**Provided material**
[Start of Attachment]

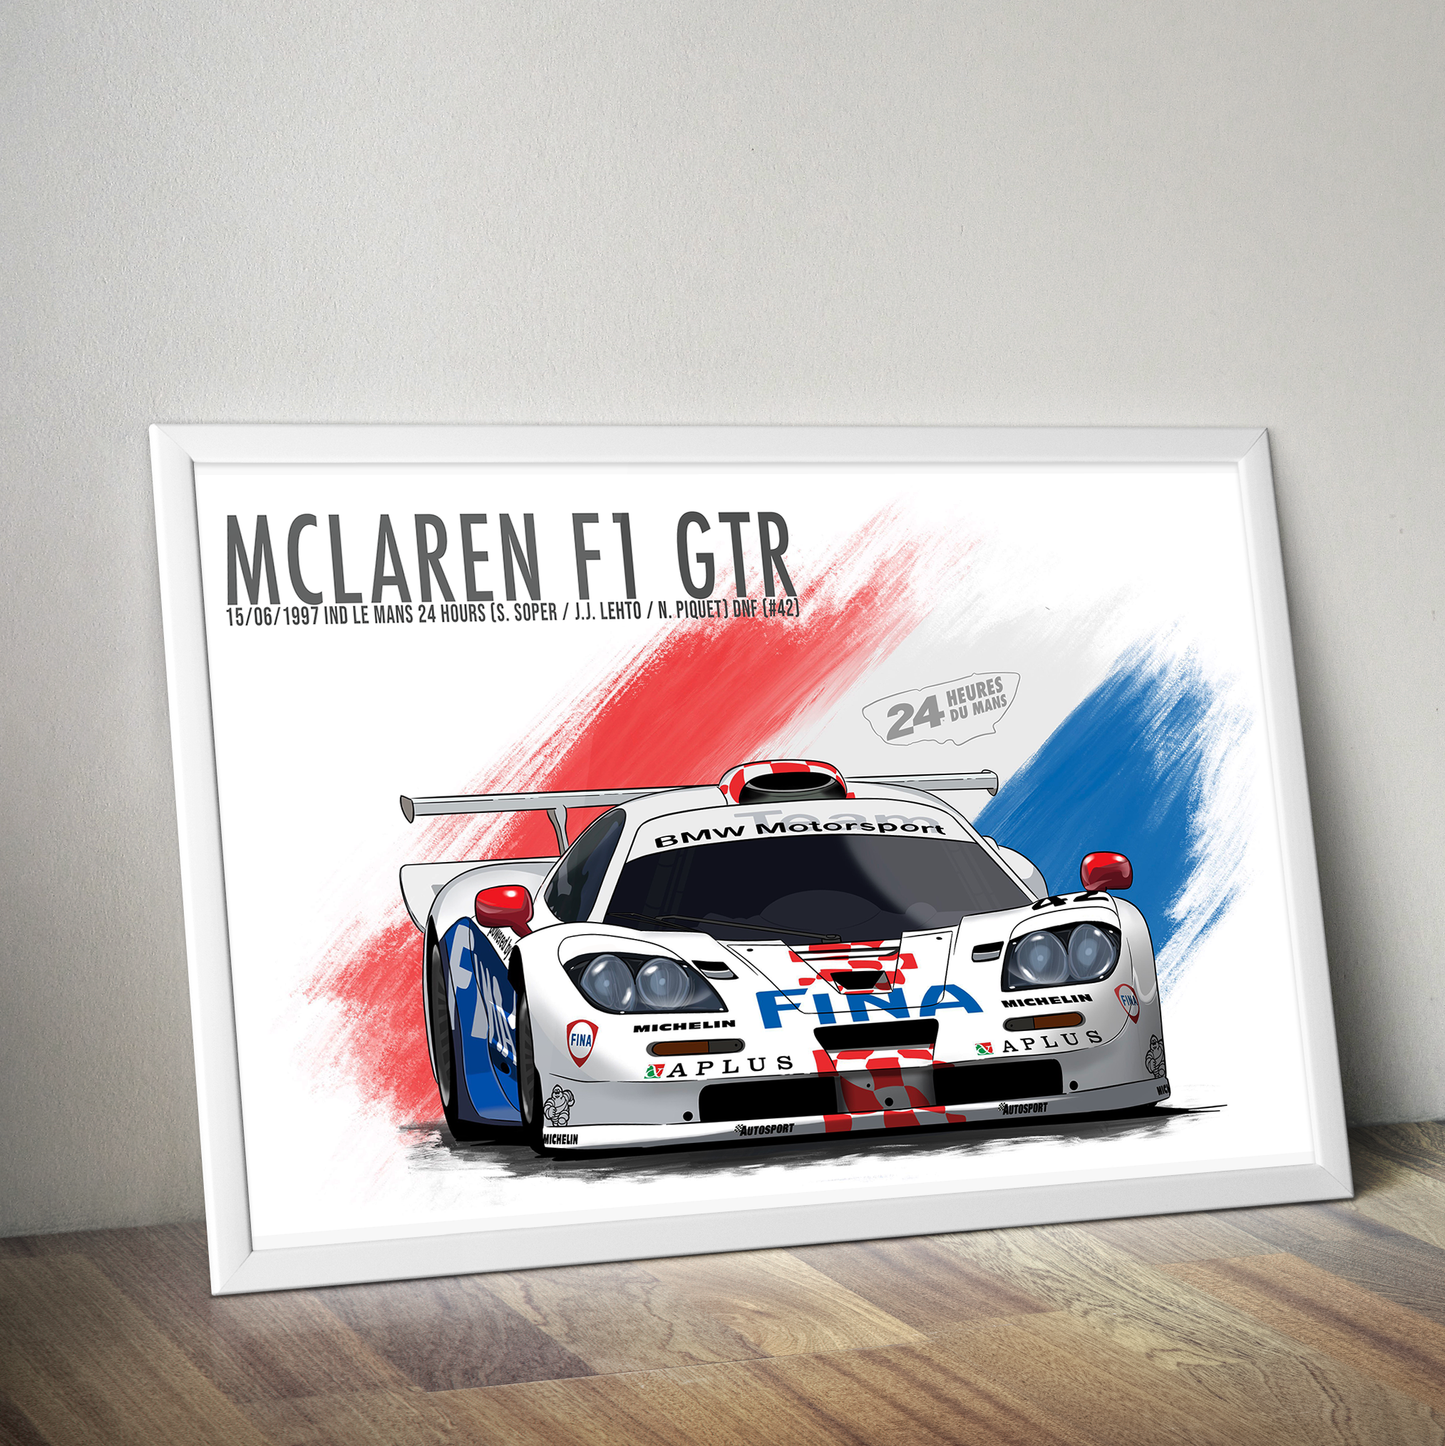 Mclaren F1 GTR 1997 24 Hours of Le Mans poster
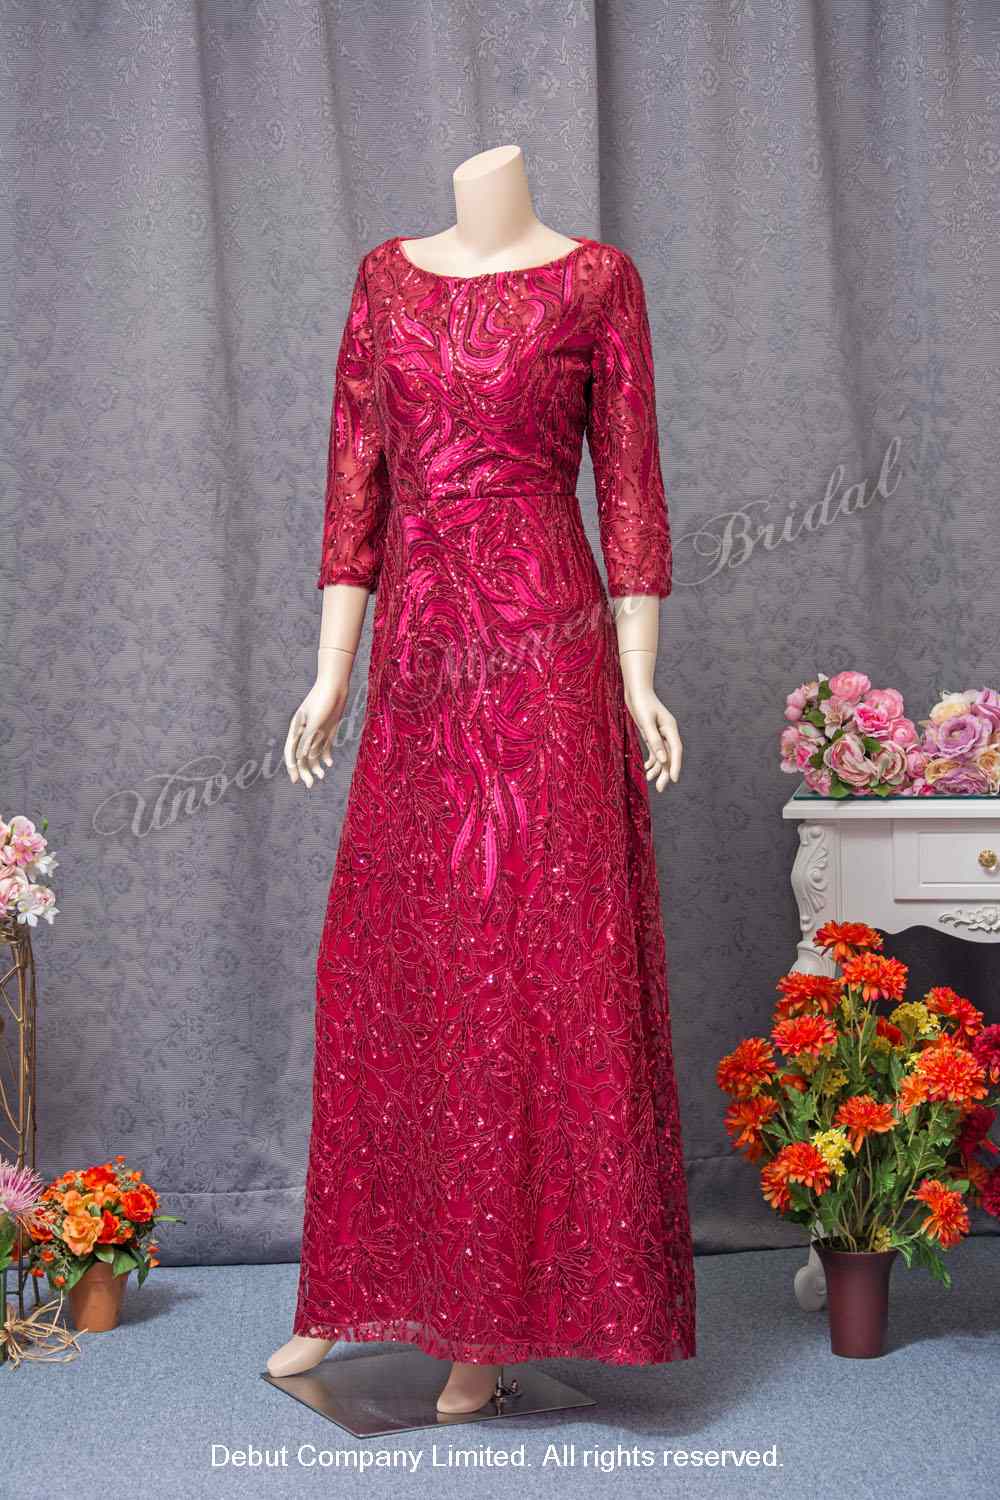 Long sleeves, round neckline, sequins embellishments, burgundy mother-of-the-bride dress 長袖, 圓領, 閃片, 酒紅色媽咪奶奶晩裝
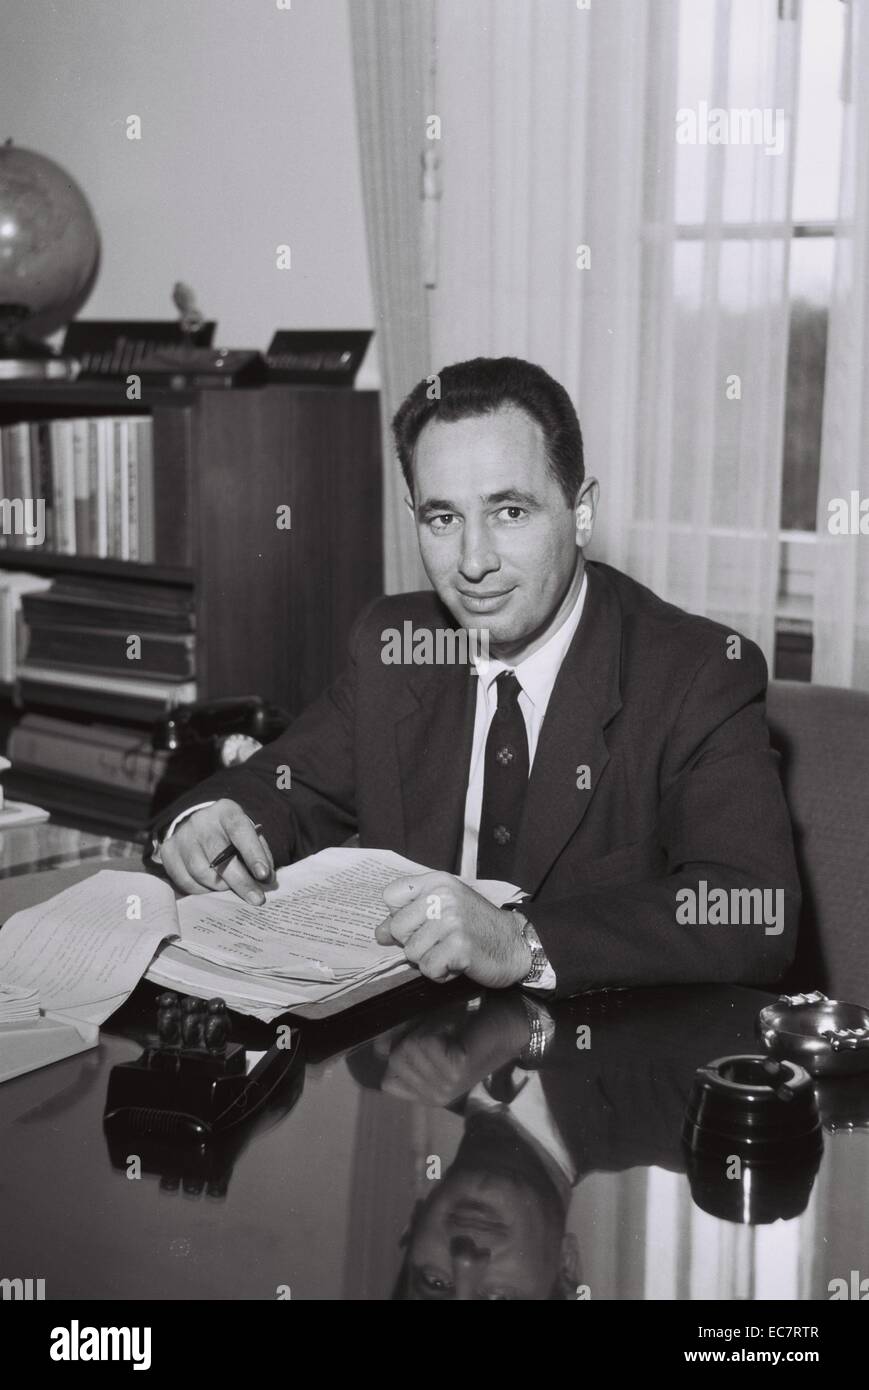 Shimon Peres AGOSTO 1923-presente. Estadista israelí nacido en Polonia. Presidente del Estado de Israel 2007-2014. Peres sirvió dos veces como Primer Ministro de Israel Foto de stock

[End of Attachment]

In the data above, the line containing "Long sleeves, round" and all lines after it are to be reproduced exactly, leaving out the pictures.

**Exercise output**
 Long sleeves, round neckline, sequins embellishments, burgundy mother-of-the-bride dress 長袖, 圓領, 閃片, 酒紅色媽咪奶奶晩裝
 Shimon Peres AGOSTO 1923-presente. Estadista israelí nacido en Polonia. Presidente del Estado de Israel 2007-2014. Peres sirvió dos veces como Primer Ministro de Israel Foto de stock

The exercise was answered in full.